Causing Learning | Why We Teach

Remote Education: How To Improve From What We Learned

Remote education requires instructional designs and daily teaching skills beyond the scope of usual teacher preparation.  As the nation’s medical community was not prepared for COVID, the nation’s educational community was not prepared for remote education.  The issue is not why not, but what now.  Don’t look back, look forward!

First and foremost, remote teaching and learning is not and will not be the same as in-person teaching and learning.  Albeit that homeschoolers and online universities have successfully used online instruction/learning for years, the human relationship is absent.  And, the crucial value of human relationship is one of the lessons learned during remote education in the time of COVID .  Children miss their teachers and teachers miss their children.  That said, we can make remote education much better in the future.

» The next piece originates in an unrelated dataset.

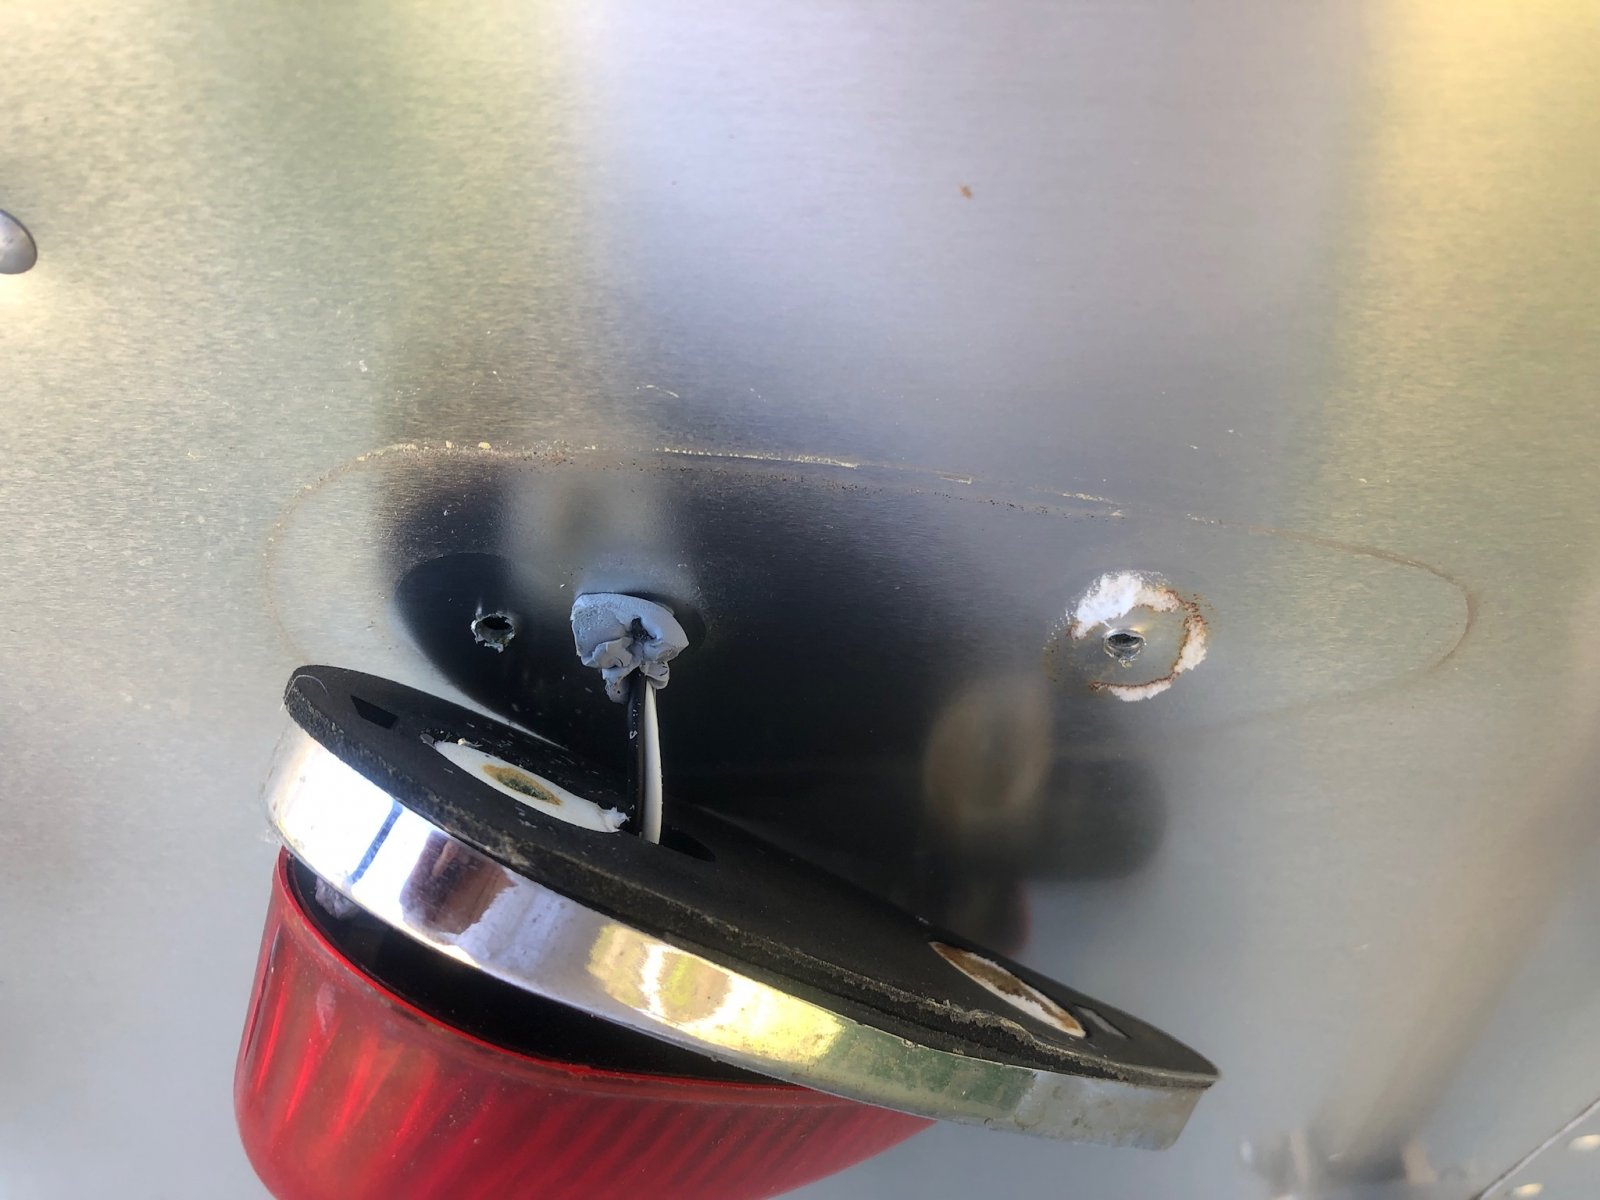 Clearance light removal

What is missing in our instructional designs?  Micro-designing of instruction for asynchronous (not in real time) teaching and synchronous (real time) student-teacher response is needed to make remote education effective.  When a teacher addresses a classroom of children, the in-person instructional design understands whole group and synchronous delivery, immediate feedback, and a targeted, synchronous teacher response interactional loop.  It looks like this – “I say/show/display a chunk of new learning to all students.  I watch/listen/perceive their understanding and comprehension of the new learning.  Based upon my observation of student responses and raised questions, I clarify and correct student understanding and comprehension of the new learning.  Children show me through their practice/work with the new learning the level of their understanding/mastery.  I check student work for accuracy of their understanding and application of new learning and make new corrections/clarifications.  Then, I teach more new learning.”  This loop goes on constantly in all classrooms every day when teachers and children are physically together.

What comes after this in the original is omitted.